### Given data
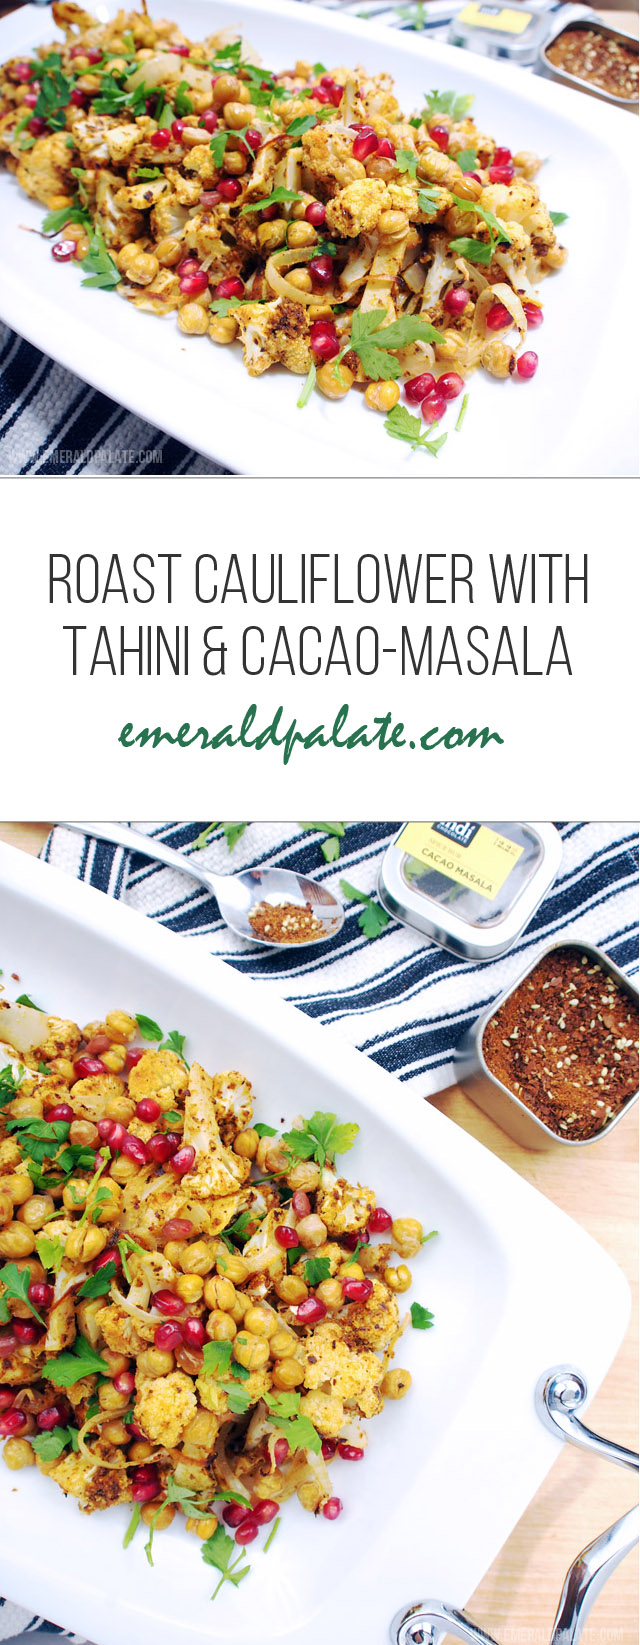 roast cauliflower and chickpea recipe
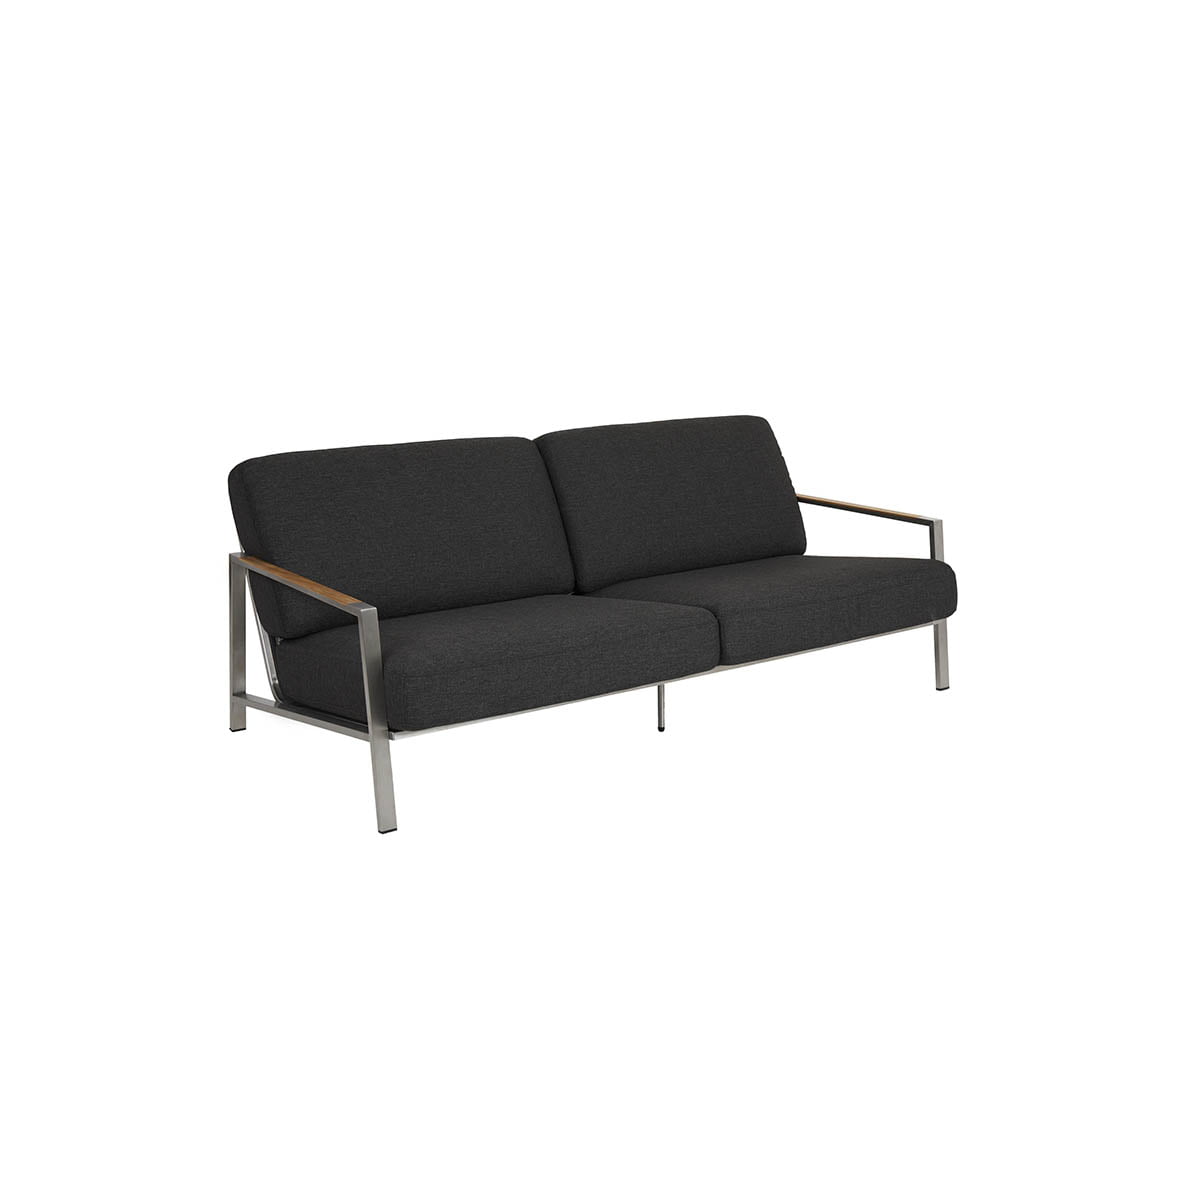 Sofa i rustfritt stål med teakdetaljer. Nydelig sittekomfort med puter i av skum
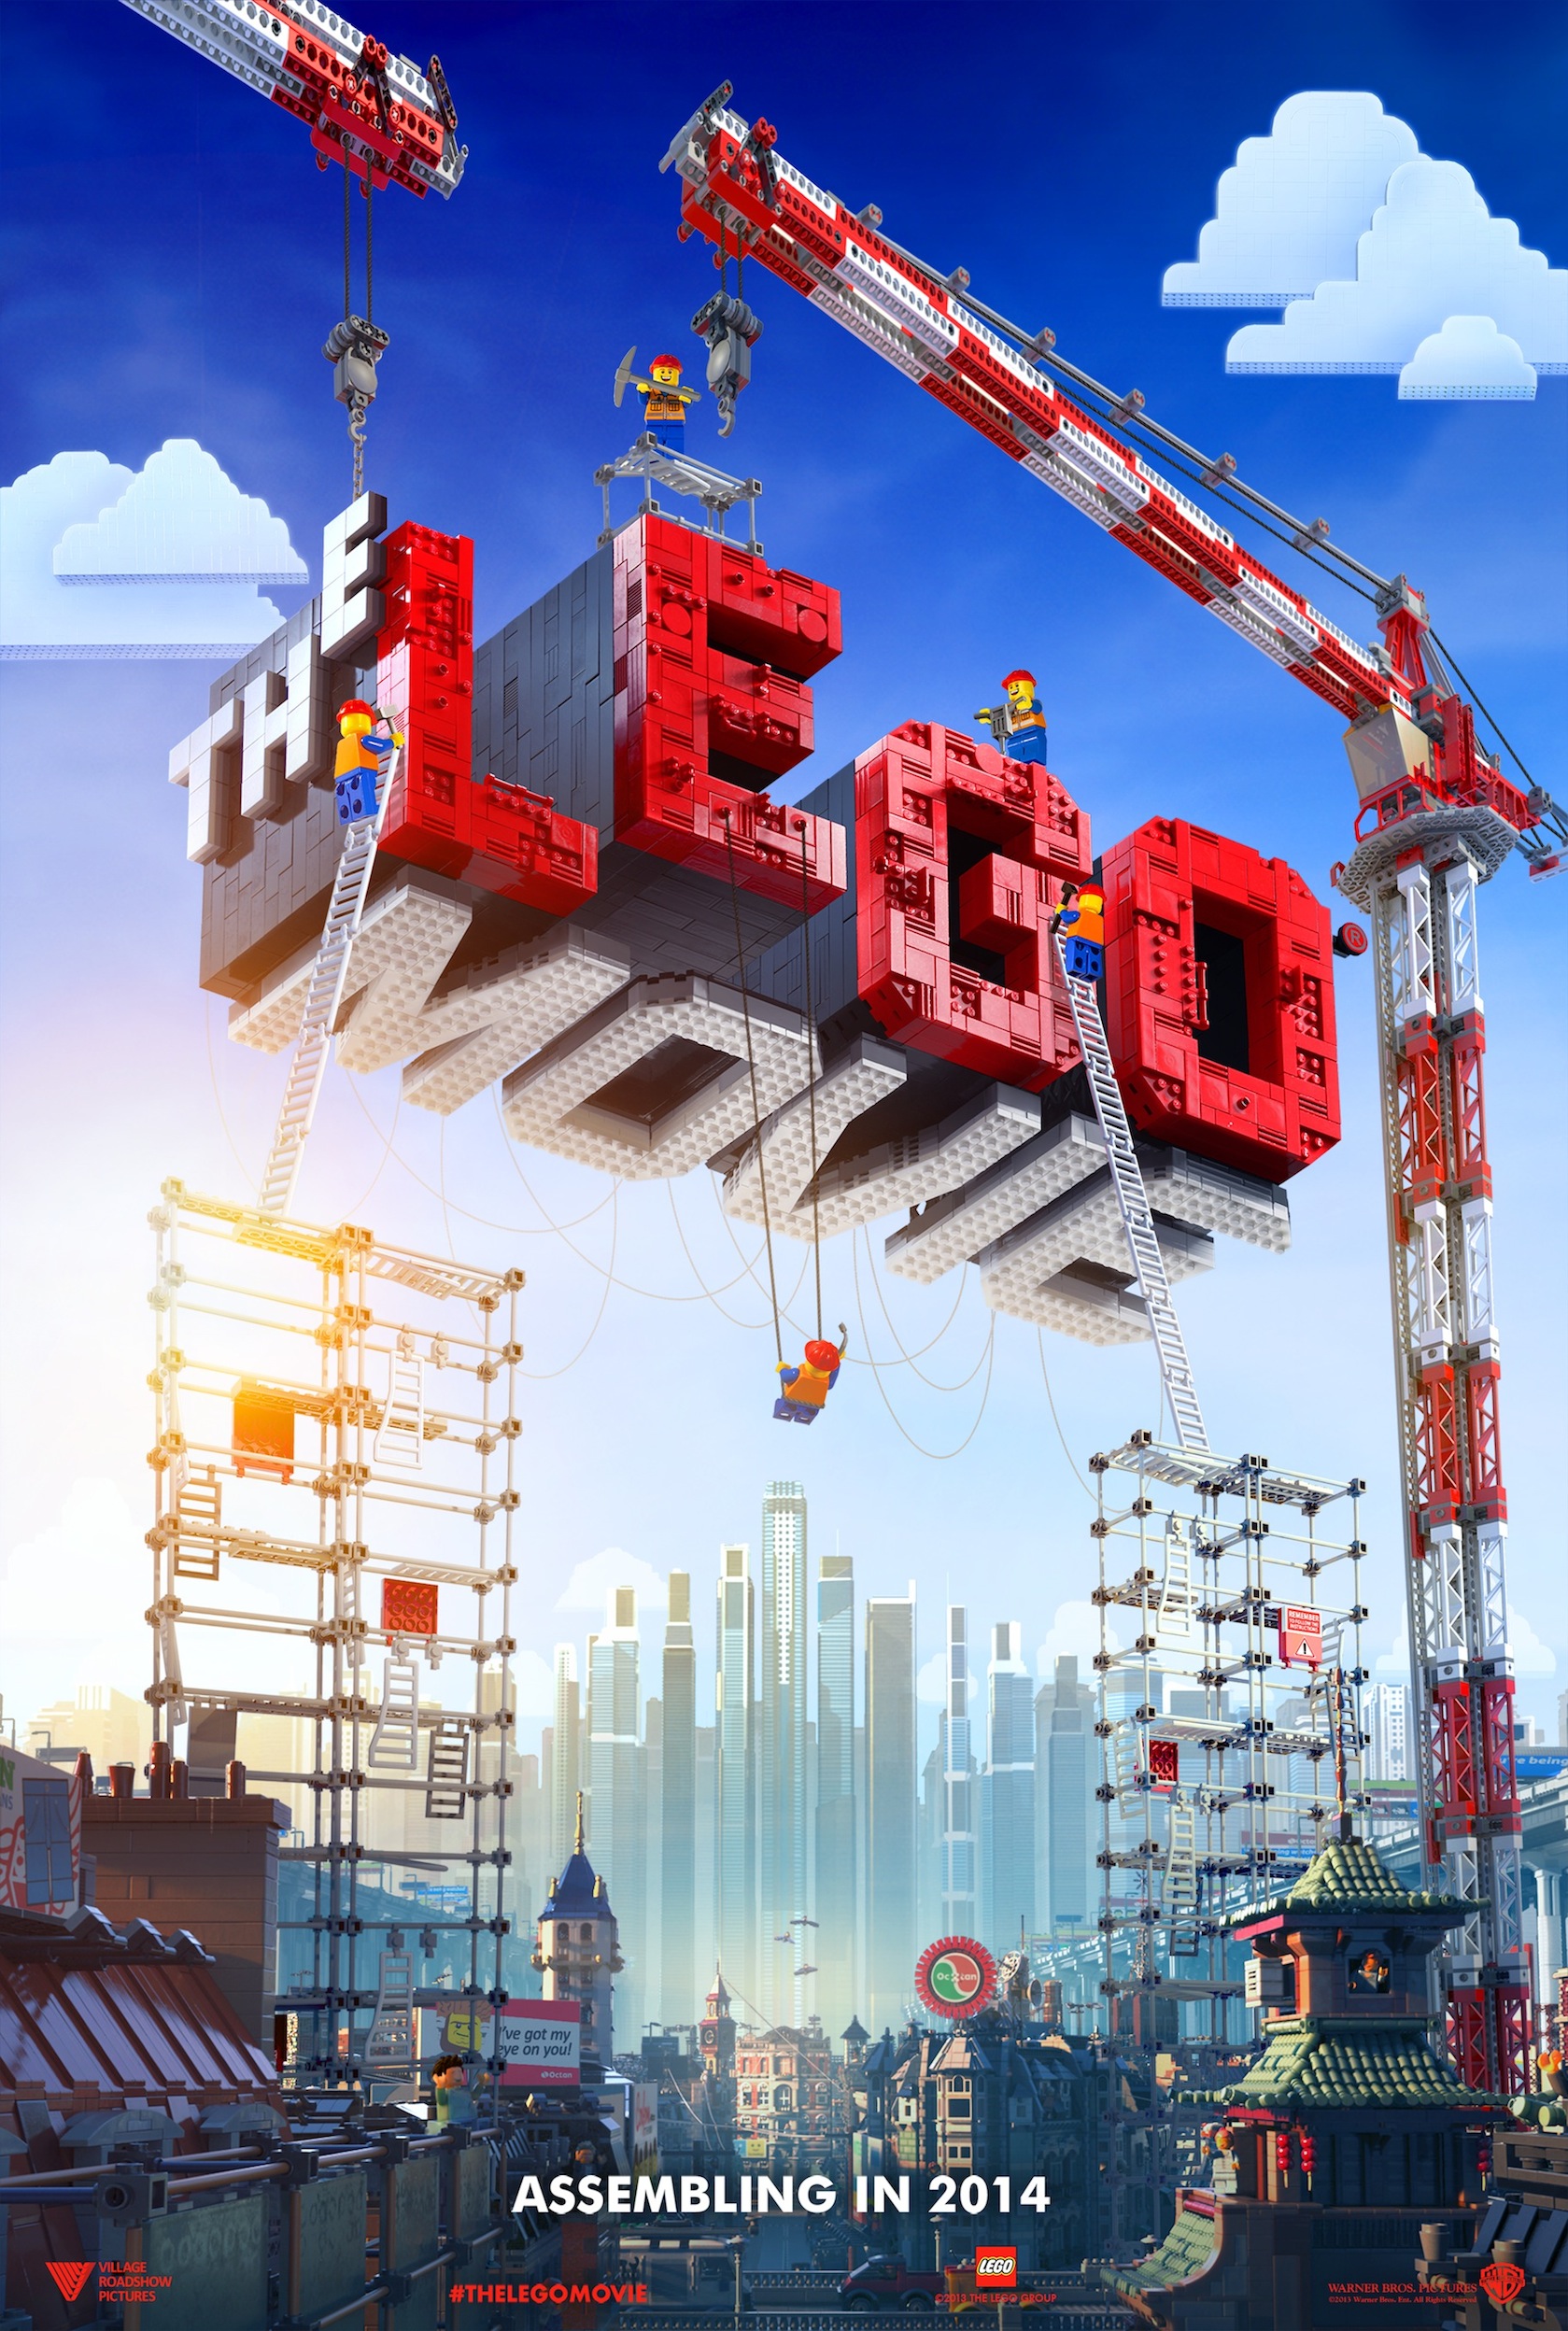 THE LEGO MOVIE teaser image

### Prompt
Restate the material above word for word; pictures do not belong in the copy.

### Exercise answer
 roast cauliflower and chickpea recipe
 Sofa i rustfritt stål med teakdetaljer. Nydelig sittekomfort med puter i av skum
 THE LEGO MOVIE teaser image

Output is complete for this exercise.